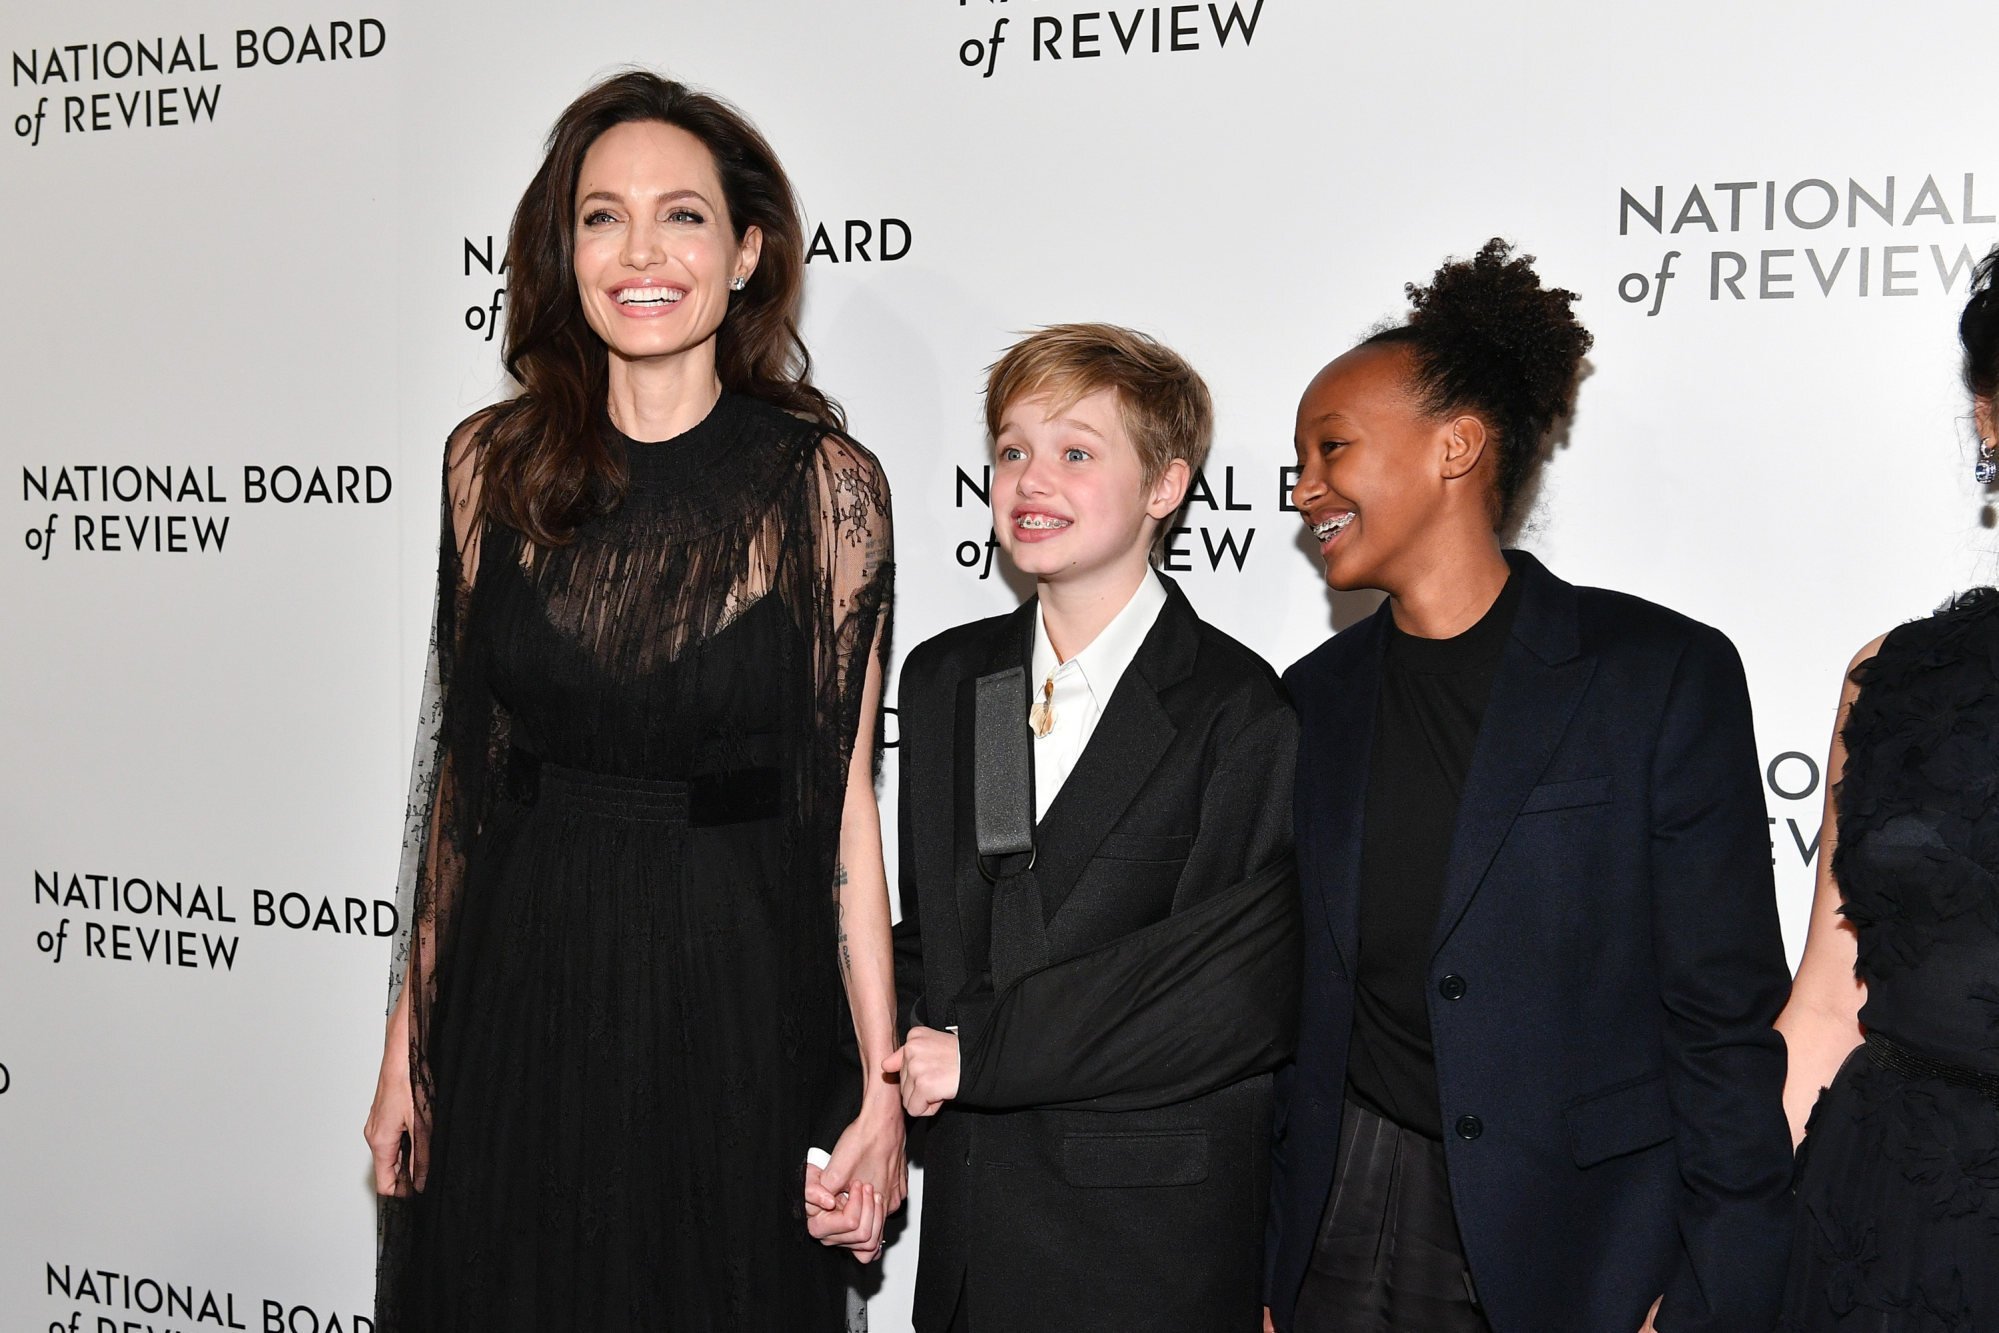 Ai đã khiến con gái Angelina Jolie 'lột xác' từ tomboy thành nữ thần thảm đỏ?
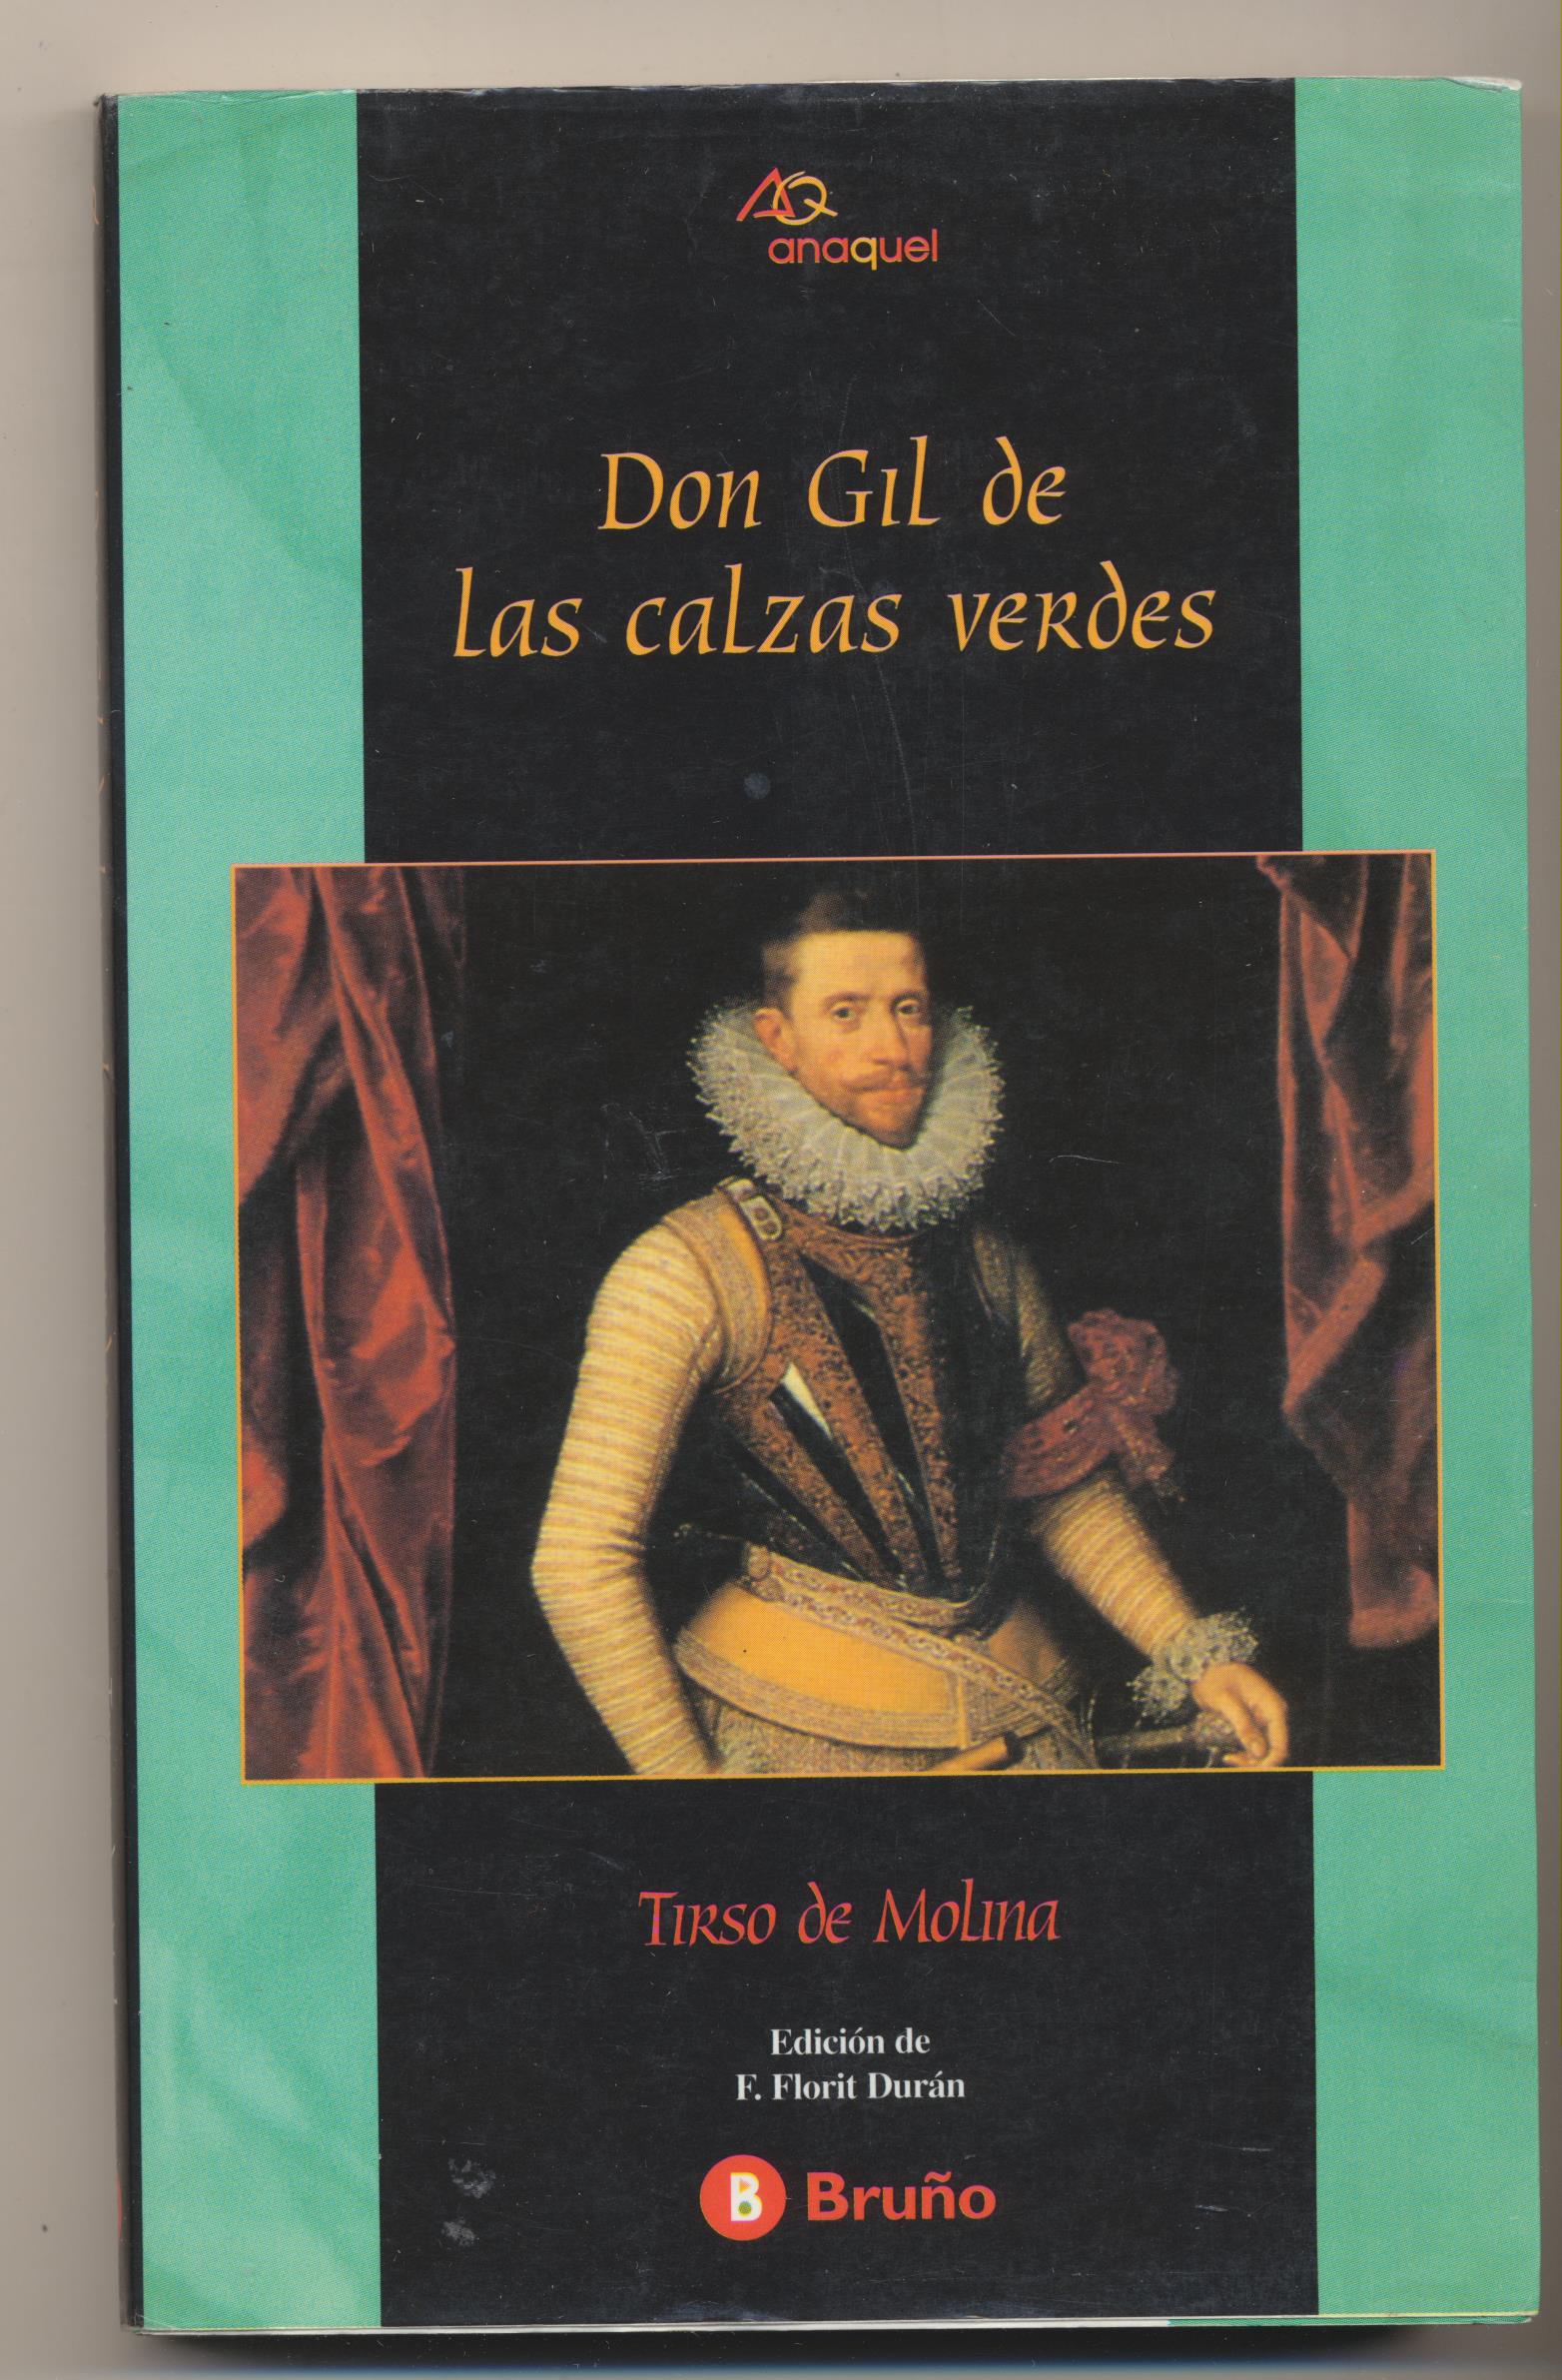 Tirso de Molina. Don Gil de las calzas verdes. 2ª Edición Bruño 1996
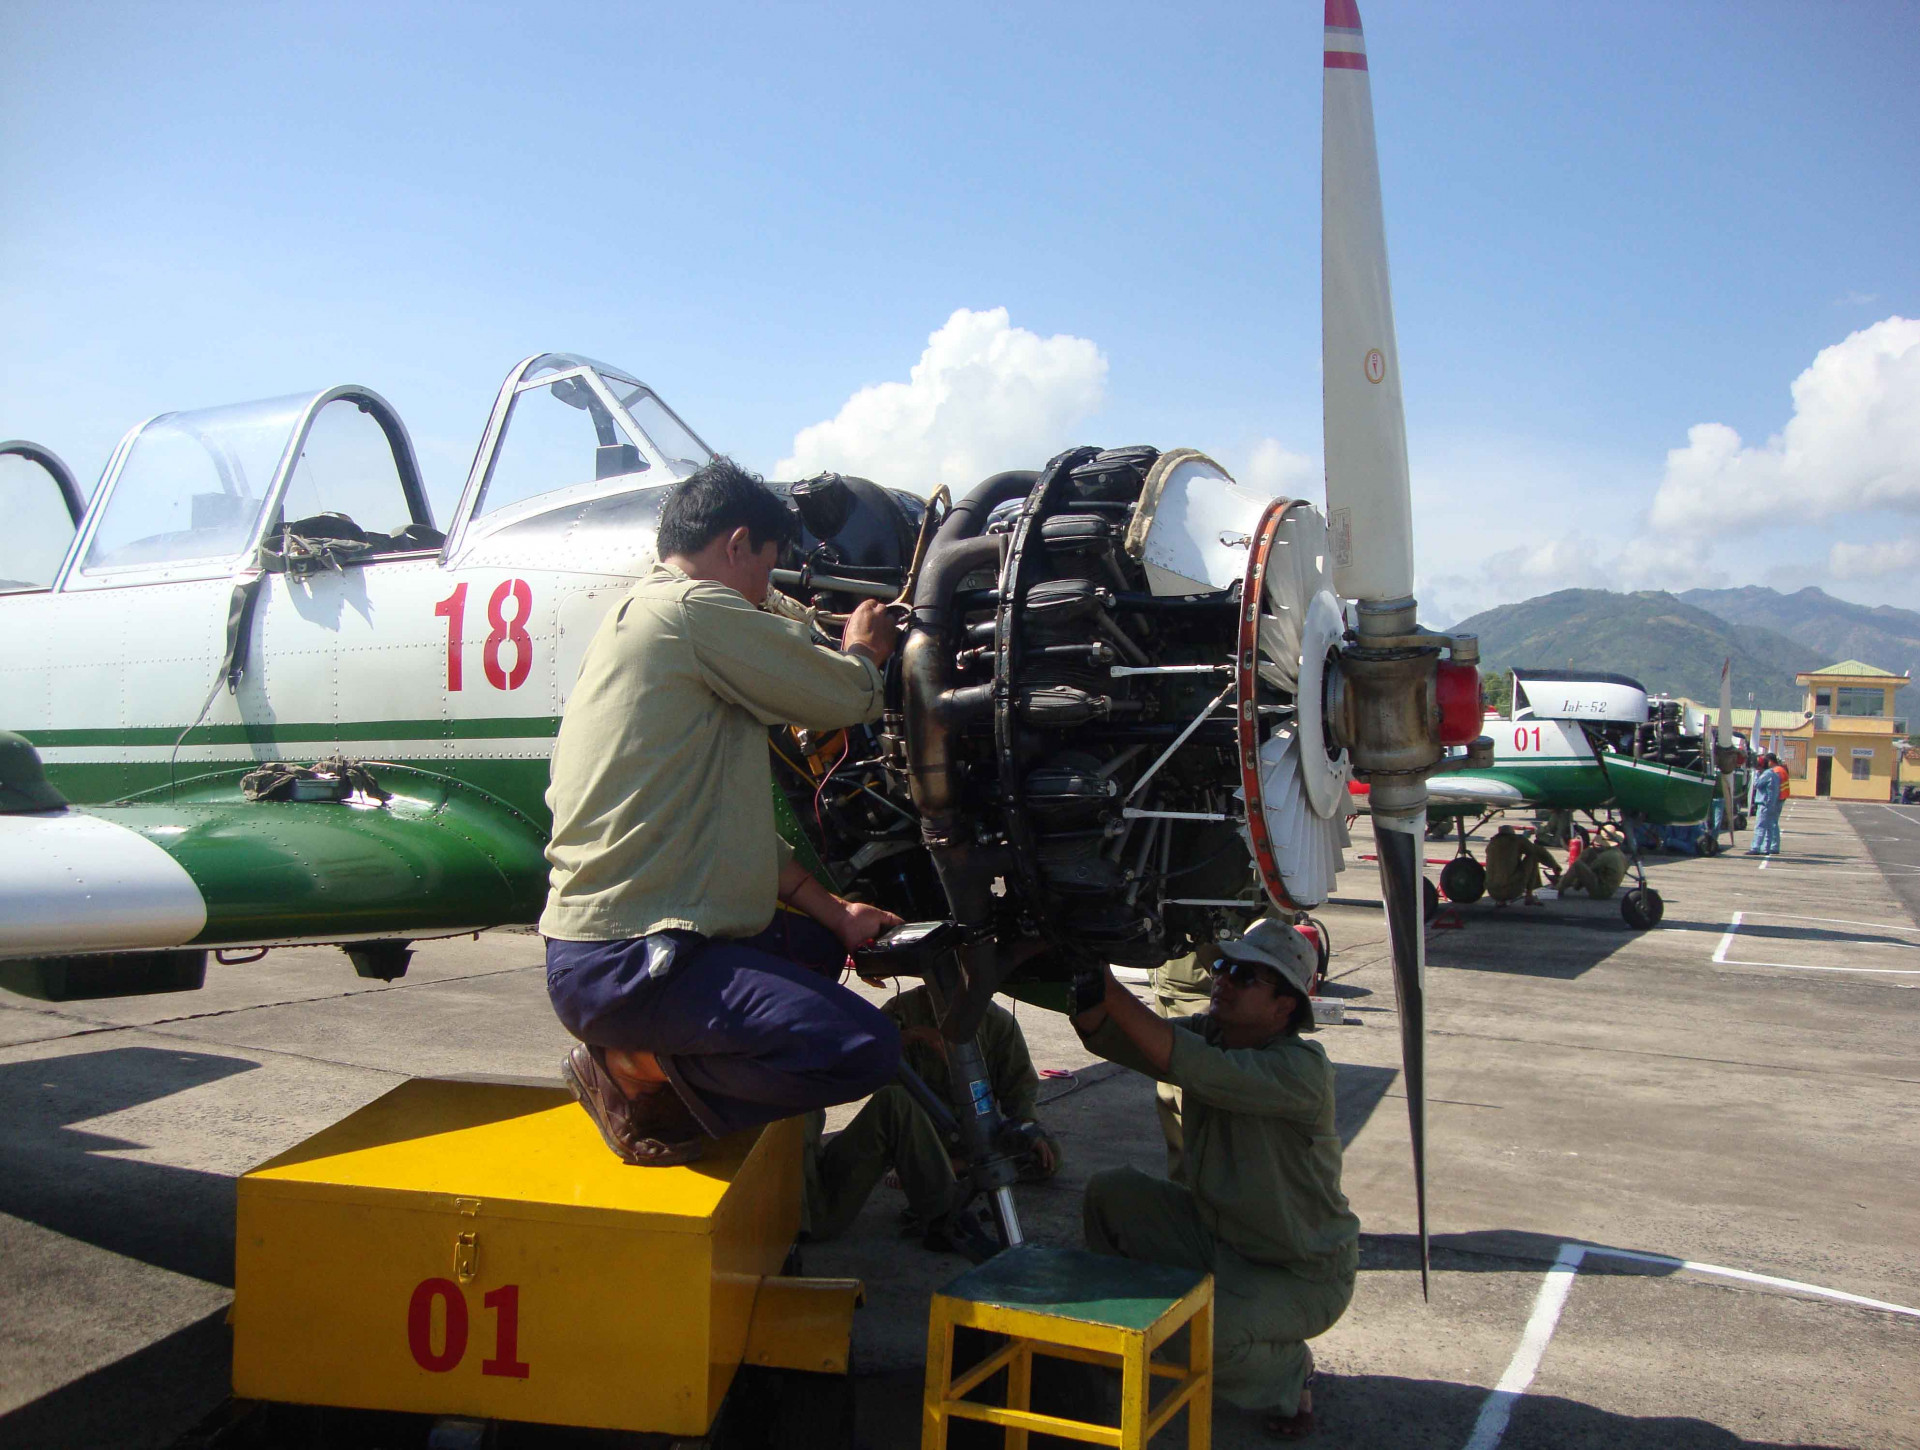 Kiểm tra tình trạng kỹ thuật Iak - 52 trước khi bay.

DIRECTIONS:
All that is needed is the span from the line with "Tirso de Molina." through the last line of the material above, reproduced exactly and free of pictures.

COMPLETED EXERCISE:
 Tirso de Molina. Don Gil de las calzas verdes. 2ª Edición Bruño 1996
 Kiểm tra tình trạng kỹ thuật Iak - 52 trước khi bay.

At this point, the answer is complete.